Poodle needs to have very dense hair and it is very easy to observe by a touch, even with very, very short hair ! Soft and silky is desirable in Maltese for example - but never in a poodle ! It should be dense, curly and coarse. 

Do not forget that poodle was a hunting water dog - so that kind of hair made great insulation and buoyancy at the same time : ) !


----------



## *heather* (Jul 30, 2009)

interesting to see this thread today... 
I was just on the phone with my groomer yesterday and she made a comment about Reds and Apricots typically having thinner coats then other colors! True?


----------



## Dogsinstyle (Sep 6, 2009)

I can't speak for reds/apricots, but can for other colors. I have 2 cream littermates, one with a softer coat, and one with a very harsh wirey coat.
I have browns with very thick coats, and have had them with softer coats.
I have a little black with a brillo pad coat, can kill 3 blades in one sitting.
These all descend from the same girl (Ali).
Carole


----------



## cbrand (Aug 9, 2009)

While I have seen White/Creams with good coat and Browns/Blacks with poor coat, it is generally true that Whites/Creams have softer, more difficult to care for coats. 

Apricots and Reds have notoriously soft coats, but again, it is that breeding for color thing. Make color the #1 priority and other things go out the door.


----------



## roxy25 (Dec 18, 2008)

When we where looking for red and apricot poodles many breeders told us that reds/Apricots have softer coats as puppies and adults ( some breeders we talked to where not red breeders I might add) . When we saw Enzos parents His dad's coat look thick and harsh. Enzo's coat is thick and starting to become harsh where his mane is. 

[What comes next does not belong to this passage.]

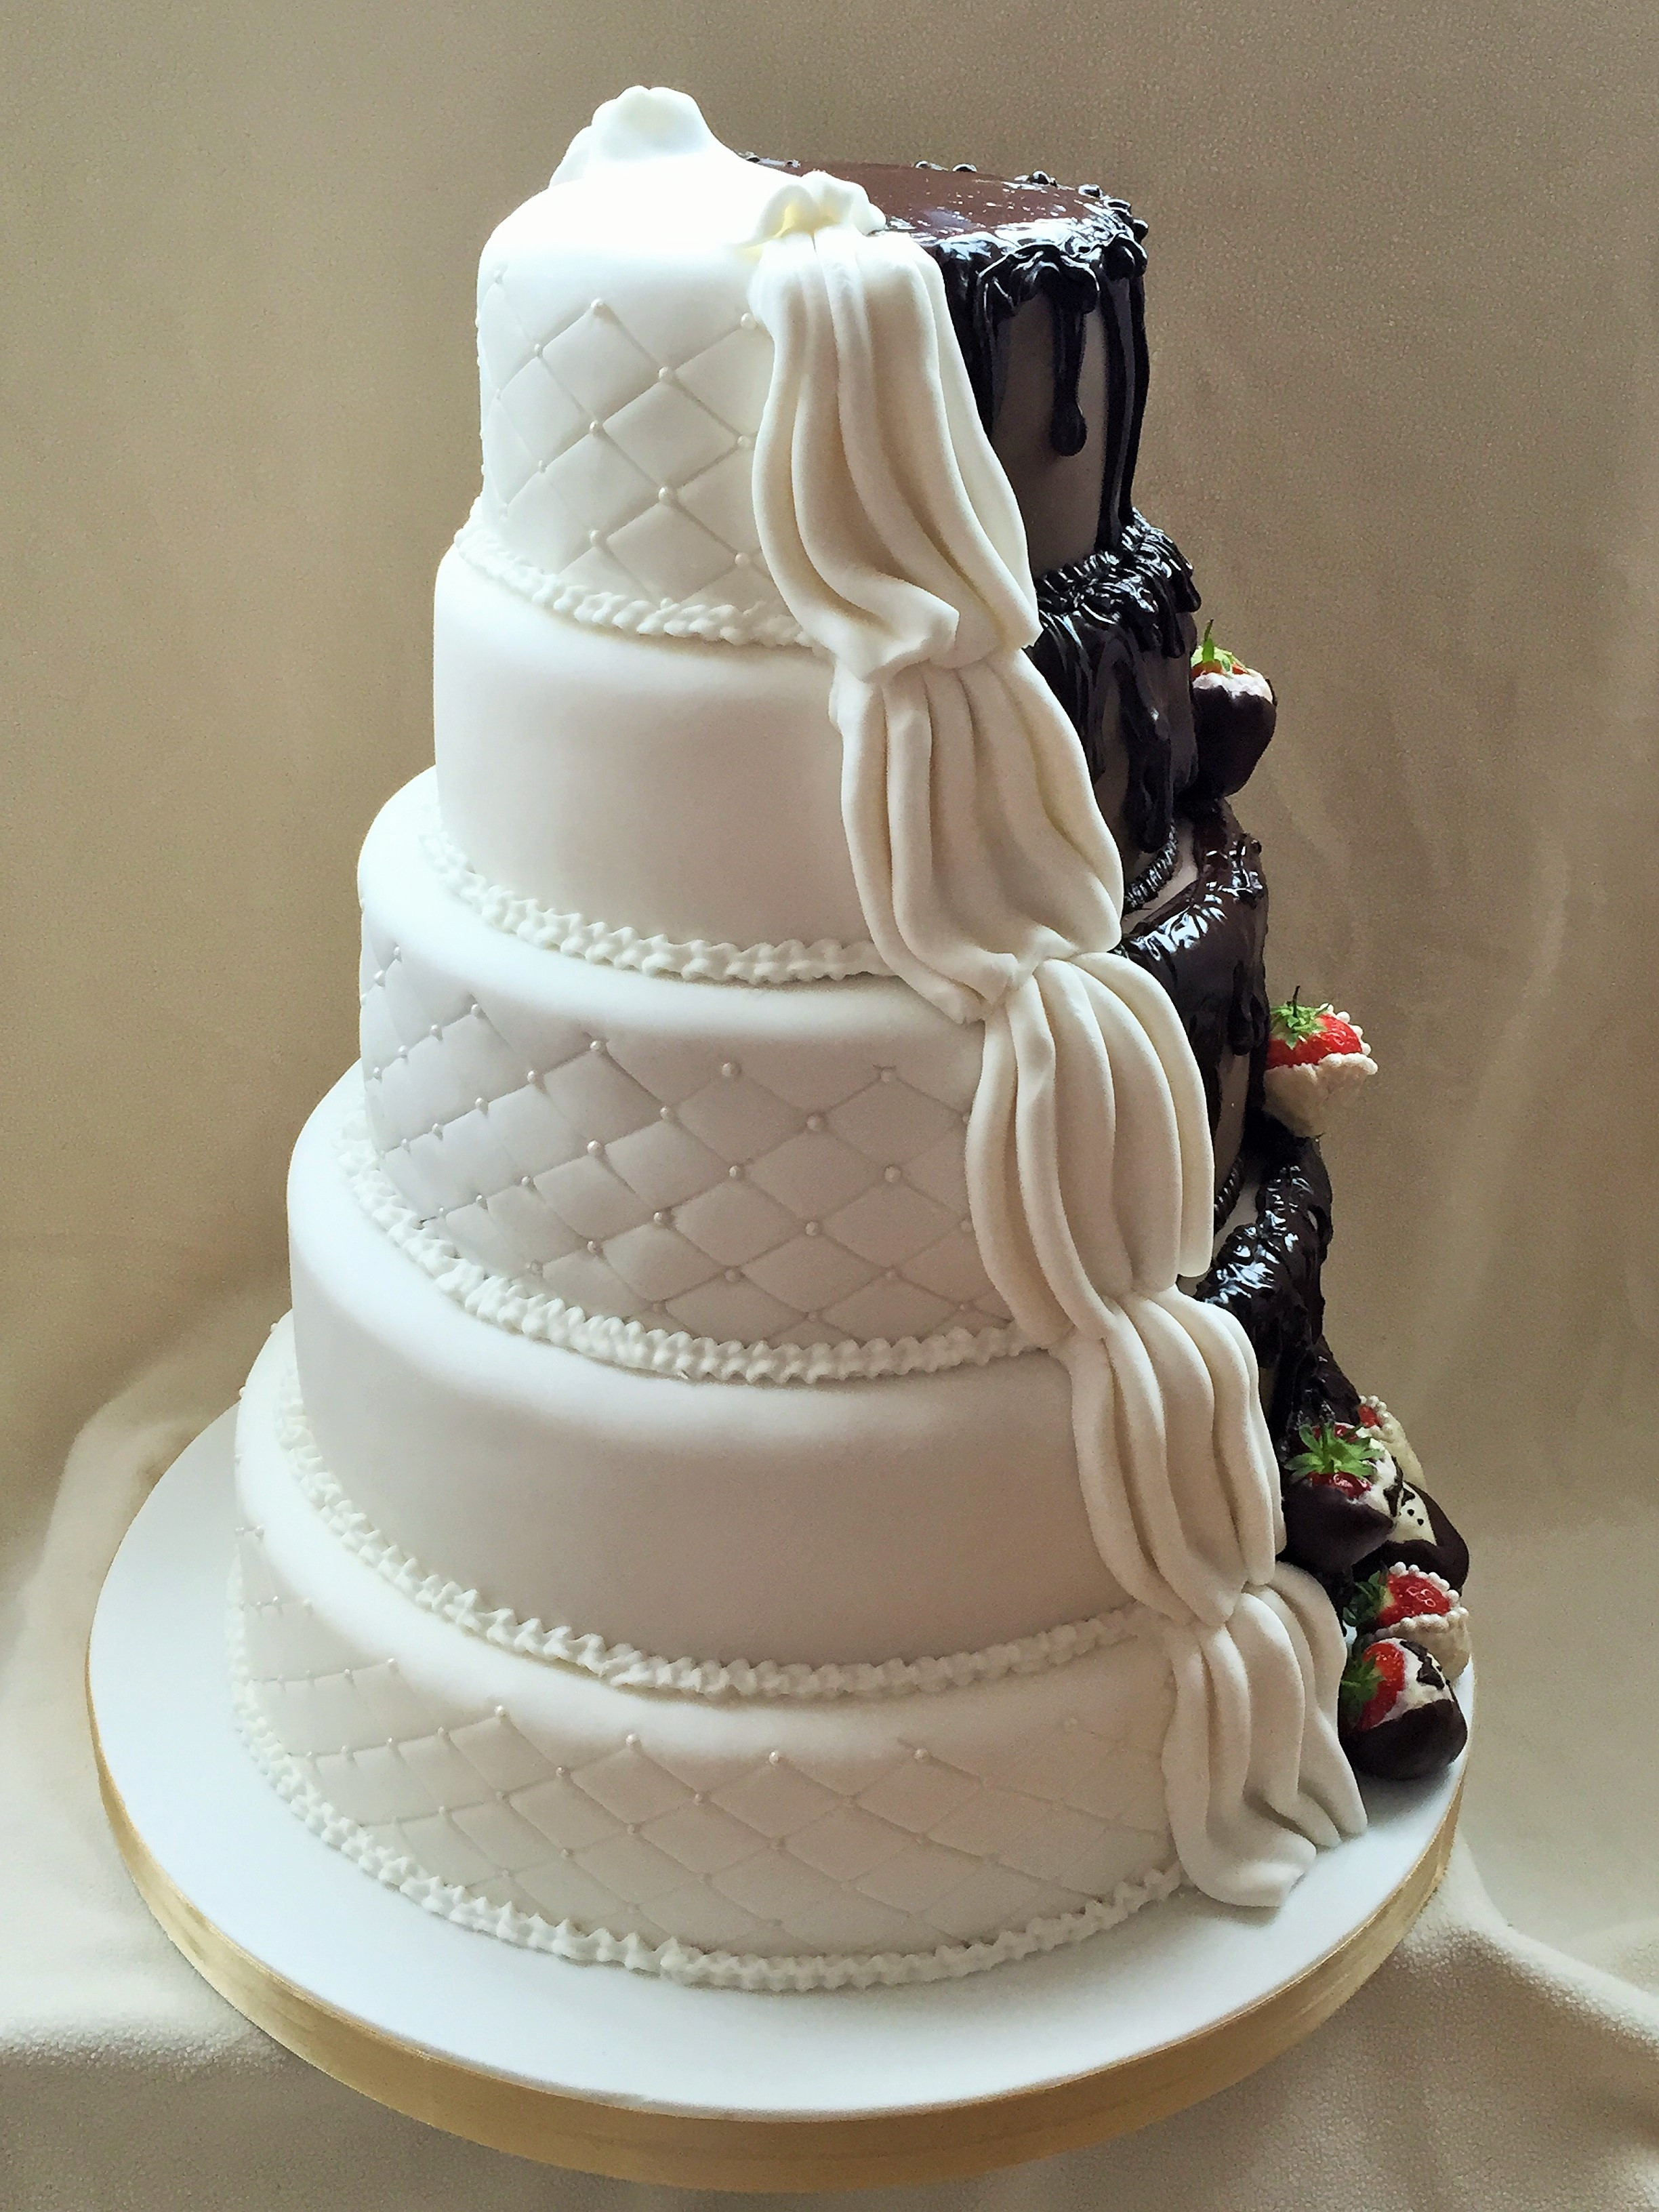 Half and Half Wedding Cakes 20 Of the Best Ideas for Half and Half Wedding Cake Cakecentral

We get lots of complements on how good his coat is for a red, so I am assuming like cbrand stated that most of the red breeders breeding just for color or money have bad coats.


----------



## Purple Poodle (May 5, 2008)

What about multi-colored poodles? My Parti girl has a very dense harsh coat, my moms Mini is an Apricot and he has a mixture of soft and harsh. My white Toy has very curly but thin coat (not sure if this is due to her stomach issues but I think its has an impact on it).


----------



## Dogsinstyle (Sep 6, 2009)

My Project Runway's coat is average, not super harsh, but not floppy soft.
Carole


----------



## taxtell (Sep 17, 2009)

Huh.
Are puppy coats softer than adult coats?


----------



## Poodlepal (Nov 1, 2009)

Yes puppy coats are softer. The adult hair begins to show up around age 9 months through 18 months. Black poodles, in general, have harsher coats than the lighter colors. There are some Creams out there with harsher coats, but in general, they tend to be cottony soft and prone to matting.


----------



## Alicia (Oct 23, 2009)

My Red Standard's coat is much softer than the White and Black Poodles that I have seen. Even though it is softer, I don't seem to have a hard time brushing her out. The mats are easy to get through. This being my first poodle, I have to say, I like the softer coat, however....I like the fluffy/cottony look of the white ones when newly groomed.


----------



## KPoos (Aug 29, 2009)

I think so. My black has a bit more coarse hair. The cream has fluffy (even though he's a puppy as a puppy the black wasn't as fluffy) cottony hair type. I hear that whites/creams mat easier than the other colors as well.


----------



## bigpoodleperson (Jul 14, 2009)

I would have to agree. Of all the poodles ive seen, the blacks seems to have the harsher coat. Apricot/creams seem to have very thin, whispy hair. Whites/creams are not as thick as blacks and softer. Depends on the breeding though. Riley is a cream and has a Very thick, harsh, correctly textured coat. Perfect for scissoring!


----------



## Keithsomething (Oct 31, 2009)

I was wondering my chocolate female seems to have an almost "crimped" hair
and by no means is it curly.
is that something she might grow out of or is it bad grooming on my part?


----------



## bigpoodleperson (Jul 14, 2009)

Young poodles do not usually have a curly coat. The curly coat and harsh texture come in with the adult coat. I have seen one poodle though that as an adult had almost a perment perm. Instead of having the normal poodle coat, she had tiny corkscrews all over. Hard coat, but odd feeling. Not sure i liked it, but it was different then any other coat ive felt.


----------



## flyingduster (Sep 6, 2009)

yup, puppy coat can be crimped looking, the full curls don't usually come in properly until the adult coat does at 9-18 months.
Paris has a gorgeous harsh coat along her topline, and it gets softer the furthur down her sides you go. *sigh* Though it does mean her neck hair is holding itself together quite nicely, even though it's grown out to 5 inches long; when her leg hair gets long, it flops everywhere. lol


----------



## Keithsomething (Oct 31, 2009)

I just wanted to make sure it wasn't something I was neglecting


----------



## Savannah (Jan 15, 2010)

KPoos said:


> I think so. My black has a bit more coarse hair. The cream has fluffy (even though he's a puppy as a puppy the black wasn't as fluffy) cottony hair type. I hear that whites/creams mat easier than the other colors as well.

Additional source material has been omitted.